Seems prudent to follow the X509SVIDParams pattern by either re-using the params message or introducing a new (similar) one?
This makes me wonder about #1190. Should we have a NewDownstreamJWKS RPC here? Or does that really belong in a Bundle API? Or, should we have an entirely separate API for "downstream" related needs? Overall, I think this looks great and makes a lot of sense. The canonical/attributed bits that poke through on the Attest call feels like it could use some attention... I do like that this proposal doesn't include too much of the "new language" however the fact that the only bit where it does poke through is the part that feels a little if-y gives me pause. |
Yeah, that is a little rough. Your musings about about returning a canonical identity even for attestors that don't support it might solve that. Attestors that don't support it could just generate a canonical identity with a UUID just to provide a single identity to use to authenticate with the server.
Yes. Good idea.
Whoops! This was left over from some other exploratory work around registering "identities" instead of the overly generic term "entry". I'll edit above.
SGTM Regarding Downstream stuff. I think I'd favor a separate API. That kind of an API does feel more user-centric than service-centric... I wonder how the following would feel:
|
Another advantage of splitting out NewX509SVID, is that it feels more natural to add a |
I guess # 1 could be done independently of # 2 attributed identities are backed by an entry and therefore the shape of each RPC would be the same. Having them separate could however lead to opportunities to optimize the "authorization" crawl that ensures the caller is authorized for the entry. |
After some discussion with @evan2645, I've removed the language from the Issuer API regarding canonical/attributed/delegated, etc (7c2c420). This allows us to move forward without locking into the new nomenclature. At the same time this new proposal should allow us to adopt the new nomenclature later through the addition of new RPCs without muddying the RPCs we want to use now for agents. |
Ok, the api-refactor-design branch on SPIRE has been updated with the latest design. The proto/spire/next directory contains the new API descriptions: https://github.com/spiffe/spire/tree/api-refactor-design/proto/spire/next The new APIs are: |
I've gone through the most recent set of protos (and not prior iterations). some of these are notes about the APIs, but at least in two cases there are some api nits based on underlying concerns around SPIRE.
|
If I call
will this delete it?
Only mildly concerned because there's an extra entry created by the CreateJoinToken RPC. Would be nice if DeleteAgent returned a bit more info (how many entries were deleted, maybe?). Edit: The comment on DeleteAgentRequest says it's a SPIFFE ID, but should that be an entry ID instead? This is what I mean by the API being too stringly-typed; easy to misuse this way. |
It would be nice if you could Delete with a filter, similar to how you List. |
That's a nice idea. Unless we somehow encoded the ID into the token itself (which may have some interesting metadata leak implications), it would require datastore schema and plugin changes, which means we wouldn't likely be able to implement that until 0.12.0. With the API as structured, that is something we could eventually introduce (and maybe provide a new bool field to opt into the new behavior so we stay compatible with older code).

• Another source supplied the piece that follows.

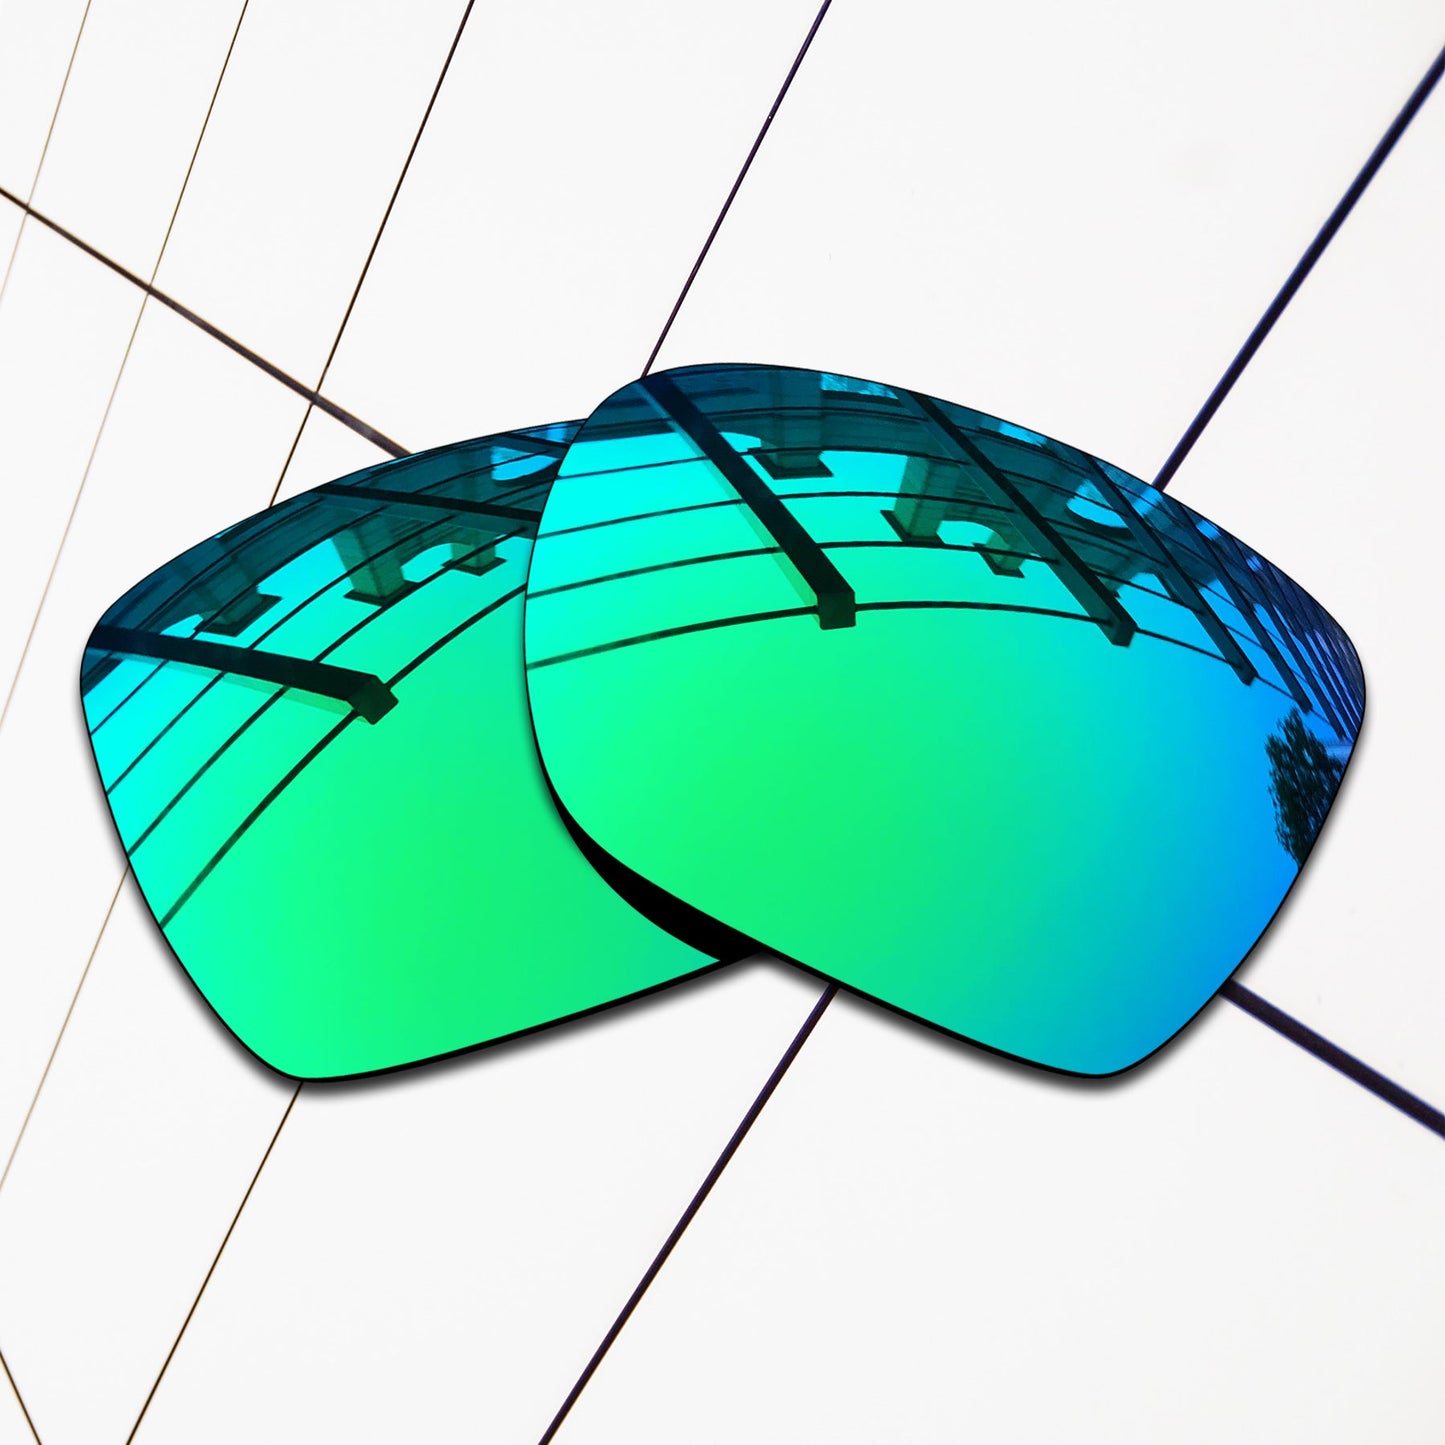 Polarized Replacement Lenses for Oakley Deviation Sunglasses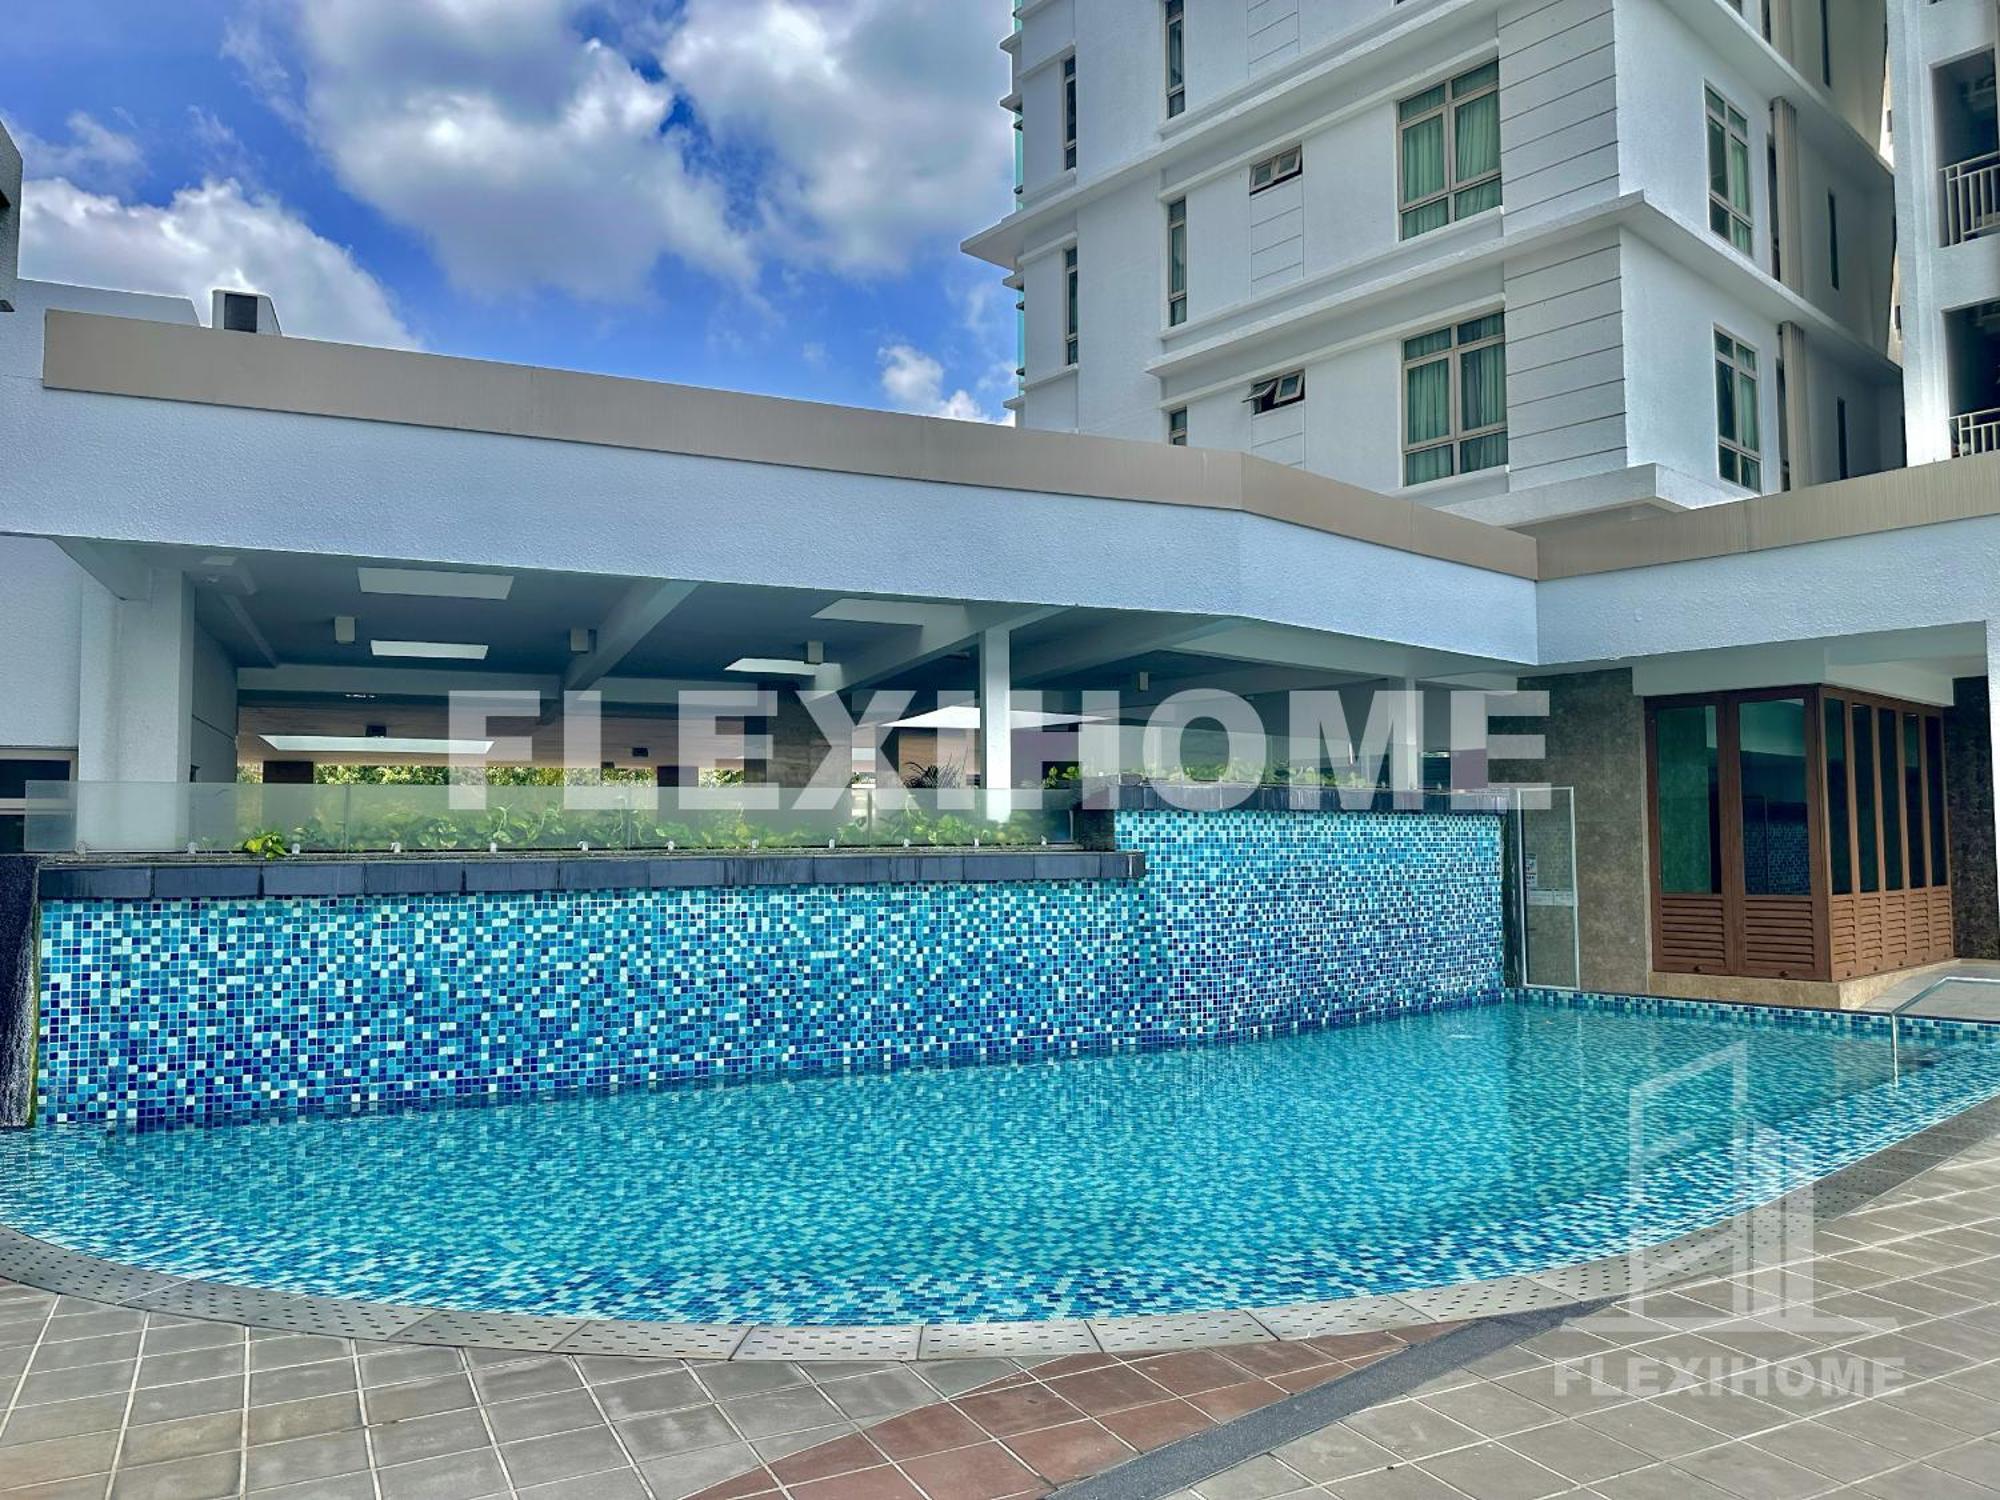 9Am-5Pm, Same Day Check In And Check Out, Work From Home, Shaftsbury-Cyberjaya, Comfy Home By Flexihome-My المظهر الخارجي الصورة

Good catch. I'll fix this.
I think this is a potentially useful use case, but introducing it also means adding a new RPC to UpstreamAuthority to support it as the UpstreamAuthority interface is opinionated about the type of X509-SVID it signs (CA intermediates only). Adding a new RPC to serve this purpose could be done a backwards compatible manner since the RPC would be optional. This feature in general could also something we could introduce to the MintX509SVID RPC at a later point without impacting compatibility.
I think I'd prefer them separate. We've got into trouble in the past with RPCs that had many "modes", even just in terms of code complexity. I have lots of other little nitpicky reasons why I'd personally prefer to see them seperate. Like you said, arguments either way :) In general I think we're better off with multiple RPCs over an overloaded RPC.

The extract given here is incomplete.